Task-Oriented Dialogue (TOD) Differently from the other types, Llama2C and MistralI have obtained the best performance in terms of BLEU-4 when fine-tuned with no additional knowledge. Further investigation suggests this happens because of the high overlap between the knowledge used for training and testing (82%). We report the performance on the documents only available in the test phase in Table 7 (TOD). In this scenario, gold knowledge does indeed increase the performance of the models.

Question Answering (QA) Although fine-tuned models achieve the highest ROUGE-L, in-context learning models tend to provide longer and possibly more detailed responses, as reported in terms of KF1. Because ground truths are particularly short (4.26 tokens on average), models that generated longer responses (especially models adapted with in-context learning) were awarded a lower ROUGE-L.

A.3.1 Retriever Accuracy

We study the performance of the retriever for each dialogue type and report Recall@K in Figure 5. Because of the size of the knowledge base (Table 1), the retriever achieves the lowest performance on TOD. However, although the knowledge base for QA is bigger than for KGD, the retriever achieves a higher recall for QA. Further study suggest that, although the retriever selects the gold sentence in only a few cases, the model retrieves a sentence from the same paragraph more than 69% of the time.

Refer to caption
Figure 5: Performance of the off-the-shelf retriever for each dialogue type. The retriever achieves the lowest Recall@K on TOD because of the larger knowledge base size (2900 documents). However, the retriever achieves a higher Recall@K for QA, even though its knowledge base is bigger than the one for KGD (355 vs. 61 ±plus-or-minus\pm± 21). Further studies indicate that, despite the model is not capable to retrieve the exact sentence of the annotator (KGD Sentence), the retriever selects a sentence belonging to the same paragraph more than 69% of the time (KGD Paragraph).

A.4 Human Evaluation

Table 8 reports the results for the Correctness dimension of Human Evaluations.
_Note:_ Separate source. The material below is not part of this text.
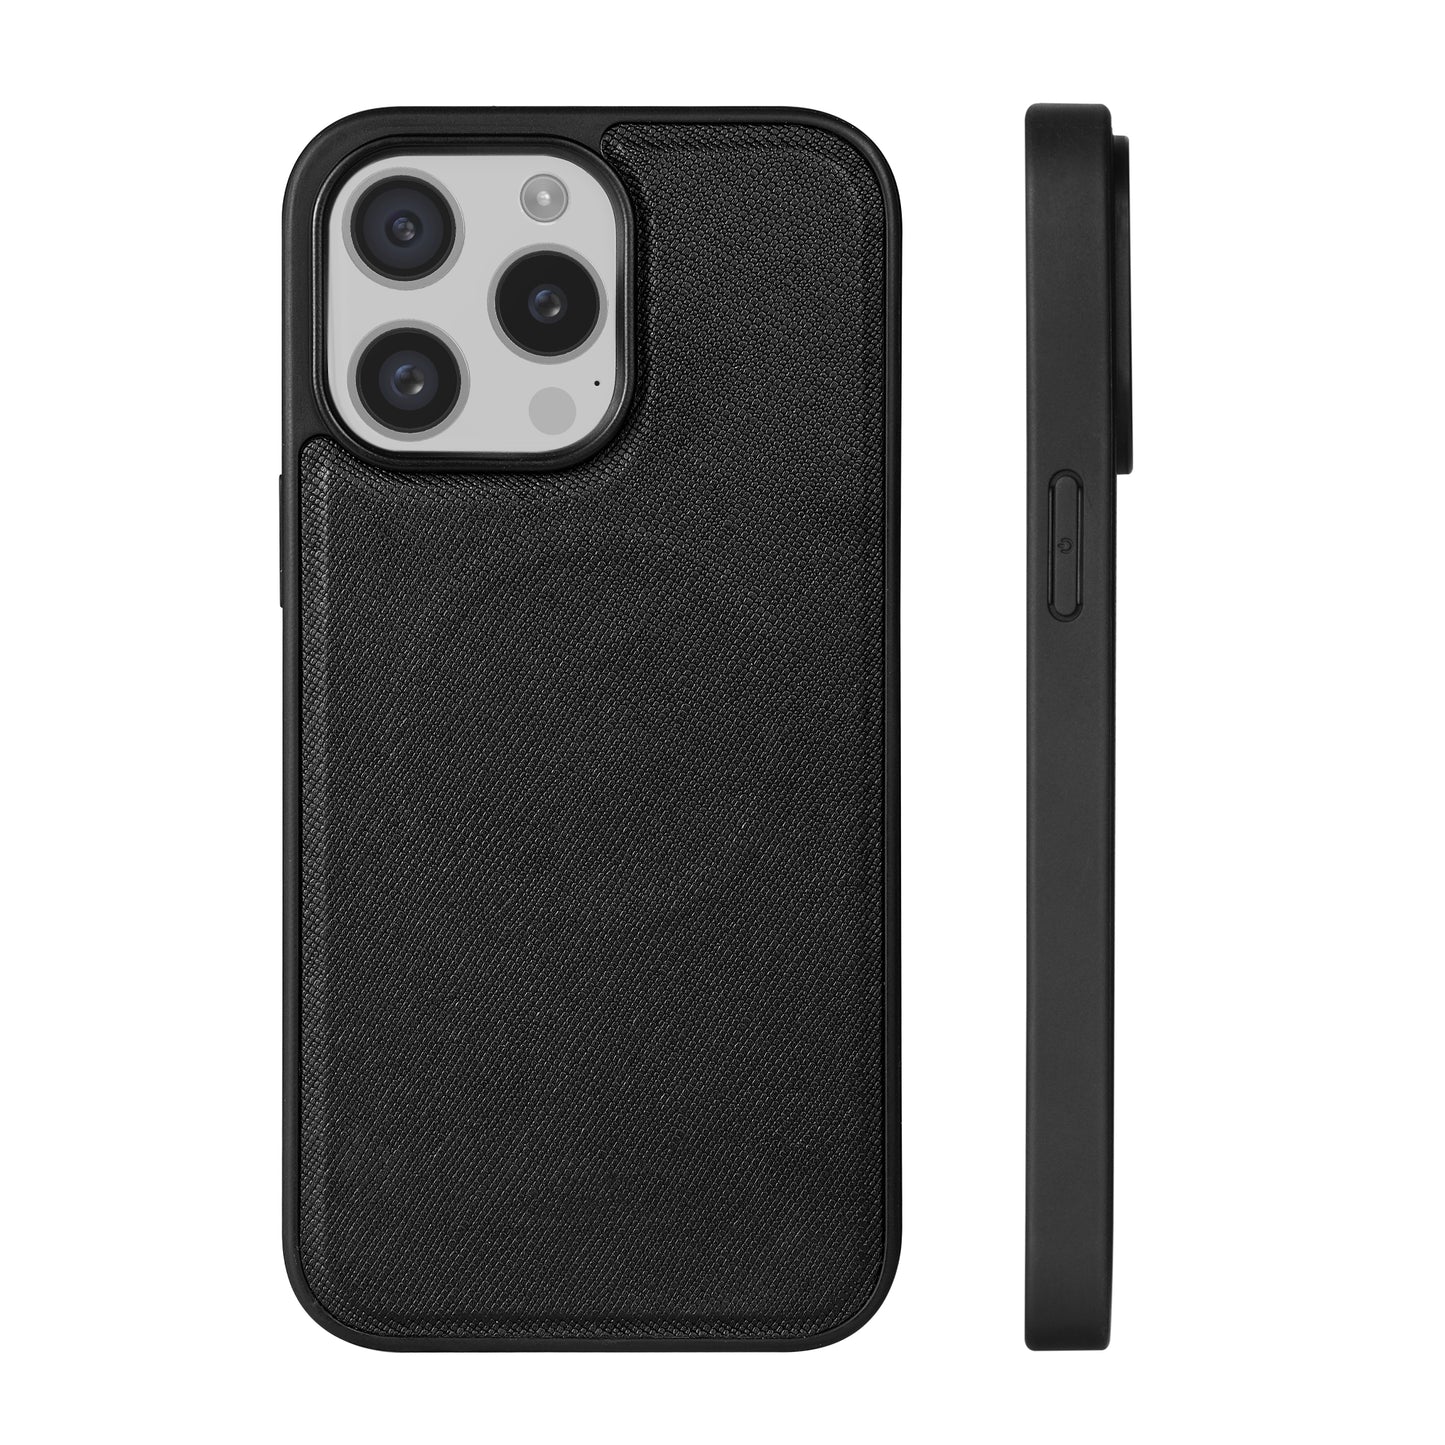 HELIX Heli-Lux Leather MagSafe Case with Protective Corners for iPhone 15 Pro Max - Black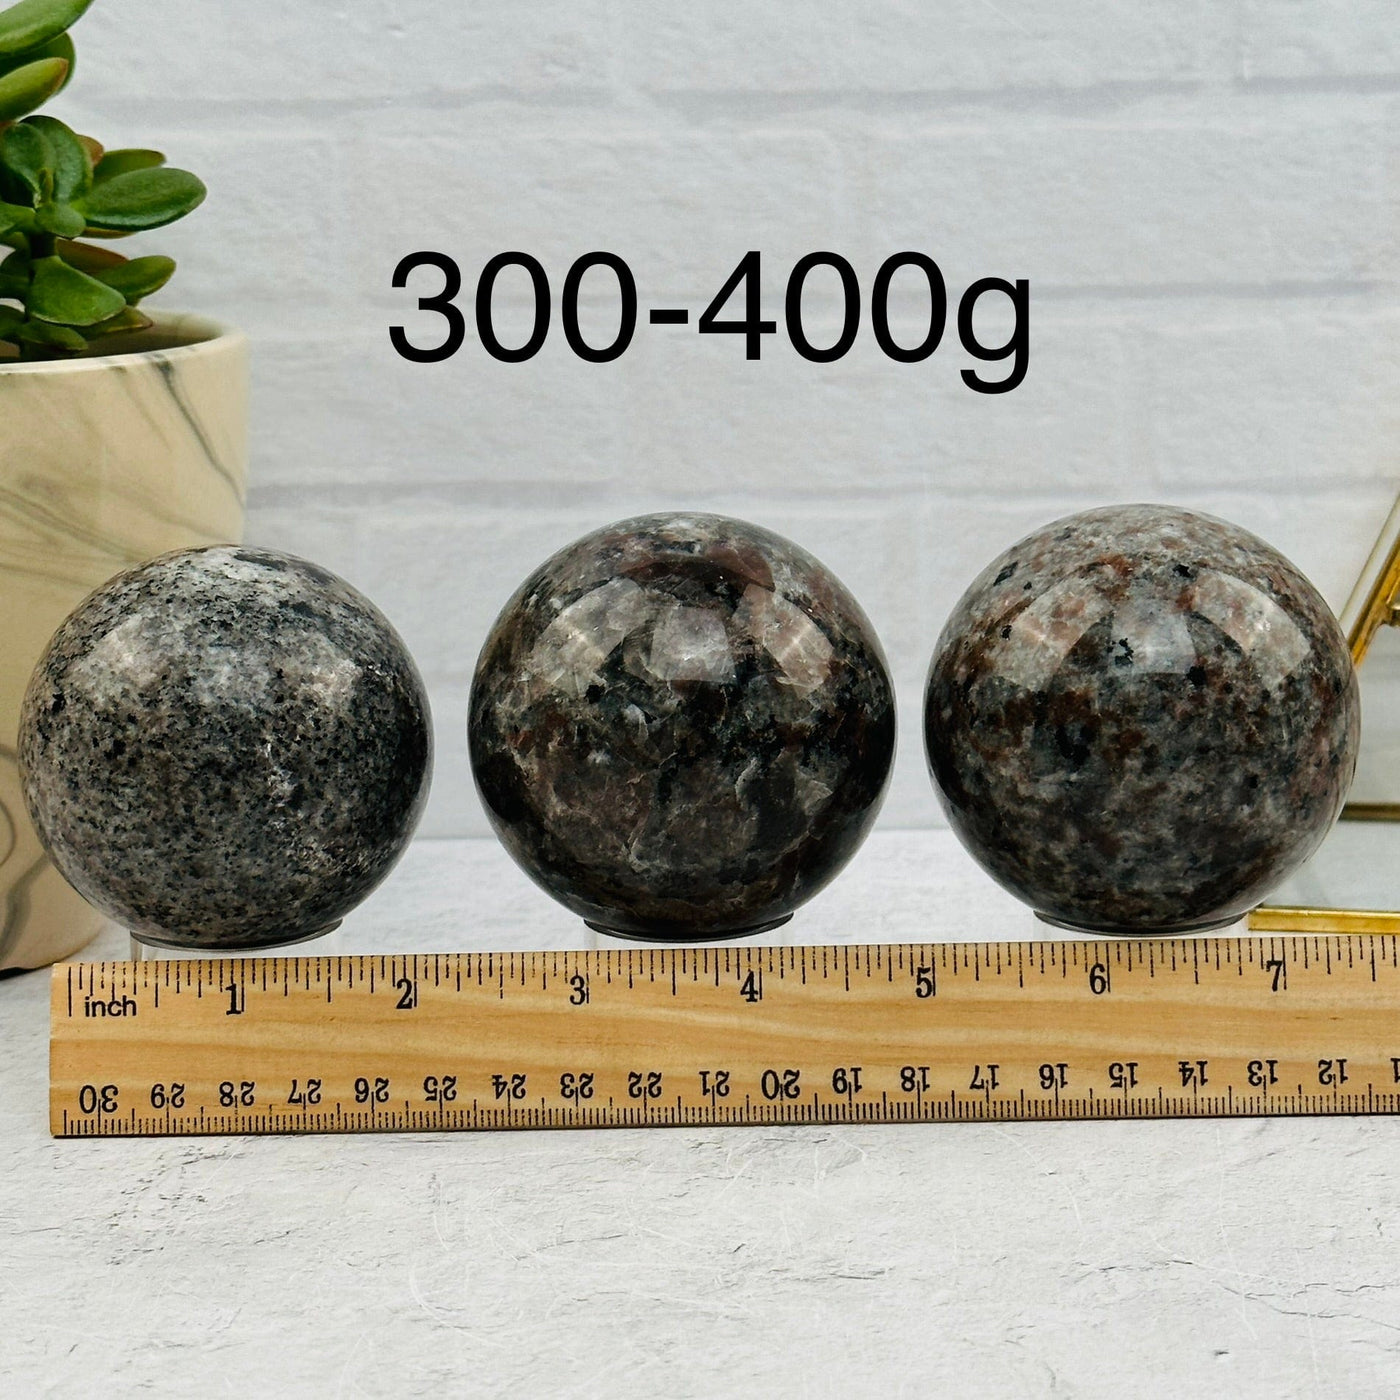 Yooperlite Spheres - By Weight - next to a ruler for size reference

Except for ODD, fine-tuning tends to improve Correctness.

Model Technique External Knowledge Correctness
ODD KGD TOD QA
Llama2C In-Context Learning No Know. 95 80 95 75
Retrieved Know. 80 60 60
Gold Know. 80 70 80
Fine-Tuning No Know. 65 90 70 75
Retrieved Know. 90 90 55
Gold Know. 85 85 85
MistralI In-Context Learning No Know. 95 70 75 60
Retrieved Know. 55 70 50
Gold Know. 85 60 80
Fine-Tuning No Know. 65 85 80 50
Retrieved Know. 75 100 45
Gold Know. 70 80 85
Ground-Truth 95 70 85 80
Table 8: Human Evaluation Percentage of Correct (ODD, KGD, TOD, QA) responses for In-Context Learning and Fine-Tuning with Retrieved (top-3) and Gold (ground-truth) knowledge, on Llama2C and MistralI, for different dialogue types: Open-Domain Dialogues (ODDs), Knowledge Grounded Dialogues (KGDs), Task-Oriented Dialogues (TODs), and Question Answering (QA).